(TASK): Copy out exactly the lines from the start of the data to the line containing "Self-Tie Woven Jacket | Karelina". Include both.

(DATA FOR THE TASK):
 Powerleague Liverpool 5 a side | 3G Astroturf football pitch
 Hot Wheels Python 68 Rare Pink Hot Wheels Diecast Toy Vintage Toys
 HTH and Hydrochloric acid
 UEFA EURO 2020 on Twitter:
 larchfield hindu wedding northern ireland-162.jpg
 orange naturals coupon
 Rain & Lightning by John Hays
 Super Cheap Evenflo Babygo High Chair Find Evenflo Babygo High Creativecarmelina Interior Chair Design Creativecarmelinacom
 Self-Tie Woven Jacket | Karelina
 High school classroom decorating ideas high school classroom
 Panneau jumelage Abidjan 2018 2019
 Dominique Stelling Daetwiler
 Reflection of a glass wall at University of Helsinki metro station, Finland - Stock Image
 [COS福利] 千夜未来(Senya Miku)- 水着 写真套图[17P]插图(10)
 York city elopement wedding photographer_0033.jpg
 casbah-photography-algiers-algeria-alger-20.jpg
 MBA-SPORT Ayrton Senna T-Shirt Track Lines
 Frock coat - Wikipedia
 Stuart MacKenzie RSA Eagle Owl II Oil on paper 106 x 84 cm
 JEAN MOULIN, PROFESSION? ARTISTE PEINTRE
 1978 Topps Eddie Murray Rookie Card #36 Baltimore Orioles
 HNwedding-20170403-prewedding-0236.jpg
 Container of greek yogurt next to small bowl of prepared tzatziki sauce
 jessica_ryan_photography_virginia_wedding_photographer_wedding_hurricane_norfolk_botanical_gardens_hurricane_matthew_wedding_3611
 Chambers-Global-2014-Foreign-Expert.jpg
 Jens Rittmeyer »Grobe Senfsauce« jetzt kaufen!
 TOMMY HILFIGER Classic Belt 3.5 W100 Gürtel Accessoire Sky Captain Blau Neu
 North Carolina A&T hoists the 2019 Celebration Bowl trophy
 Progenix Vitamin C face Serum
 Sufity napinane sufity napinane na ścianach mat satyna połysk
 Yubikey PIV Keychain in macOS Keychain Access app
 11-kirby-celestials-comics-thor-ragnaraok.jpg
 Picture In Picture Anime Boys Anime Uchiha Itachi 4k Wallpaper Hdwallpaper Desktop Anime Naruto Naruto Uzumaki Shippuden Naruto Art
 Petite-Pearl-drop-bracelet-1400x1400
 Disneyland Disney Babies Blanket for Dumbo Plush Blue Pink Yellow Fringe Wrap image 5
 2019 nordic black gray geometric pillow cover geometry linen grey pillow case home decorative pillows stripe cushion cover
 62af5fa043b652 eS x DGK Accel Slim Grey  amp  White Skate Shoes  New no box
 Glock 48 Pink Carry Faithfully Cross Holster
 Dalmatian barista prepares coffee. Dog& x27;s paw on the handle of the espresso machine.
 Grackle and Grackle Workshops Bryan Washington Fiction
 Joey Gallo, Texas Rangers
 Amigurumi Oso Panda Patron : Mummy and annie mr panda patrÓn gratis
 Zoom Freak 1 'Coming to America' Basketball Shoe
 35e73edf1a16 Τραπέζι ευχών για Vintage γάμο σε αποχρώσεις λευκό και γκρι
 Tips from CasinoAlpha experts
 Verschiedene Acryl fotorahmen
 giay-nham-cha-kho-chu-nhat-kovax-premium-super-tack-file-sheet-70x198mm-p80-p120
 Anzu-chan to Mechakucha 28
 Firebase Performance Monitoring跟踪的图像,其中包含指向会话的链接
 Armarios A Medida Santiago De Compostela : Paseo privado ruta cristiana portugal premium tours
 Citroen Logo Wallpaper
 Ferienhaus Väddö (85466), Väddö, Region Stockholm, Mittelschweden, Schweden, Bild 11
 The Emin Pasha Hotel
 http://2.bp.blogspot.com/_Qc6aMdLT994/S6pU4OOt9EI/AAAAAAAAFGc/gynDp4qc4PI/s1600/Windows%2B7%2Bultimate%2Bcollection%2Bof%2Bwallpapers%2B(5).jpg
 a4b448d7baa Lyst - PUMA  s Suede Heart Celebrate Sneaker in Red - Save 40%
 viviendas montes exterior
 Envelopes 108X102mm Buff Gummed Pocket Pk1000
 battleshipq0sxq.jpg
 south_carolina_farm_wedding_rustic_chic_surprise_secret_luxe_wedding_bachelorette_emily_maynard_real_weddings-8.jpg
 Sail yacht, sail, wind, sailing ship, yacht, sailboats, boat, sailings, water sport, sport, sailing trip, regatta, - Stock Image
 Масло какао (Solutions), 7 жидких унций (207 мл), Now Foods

(ANSWER AREA):
 Powerleague Liverpool 5 a side | 3G Astroturf football pitch
 Hot Wheels Python 68 Rare Pink Hot Wheels Diecast Toy Vintage Toys
 HTH and Hydrochloric acid
 UEFA EURO 2020 on Twitter:
 larchfield hindu wedding northern ireland-162.jpg
 orange naturals coupon
 Rain & Lightning by John Hays
 Super Cheap Evenflo Babygo High Chair Find Evenflo Babygo High Creativecarmelina Interior Chair Design Creativecarmelinacom
 Self-Tie Woven Jacket | Karelina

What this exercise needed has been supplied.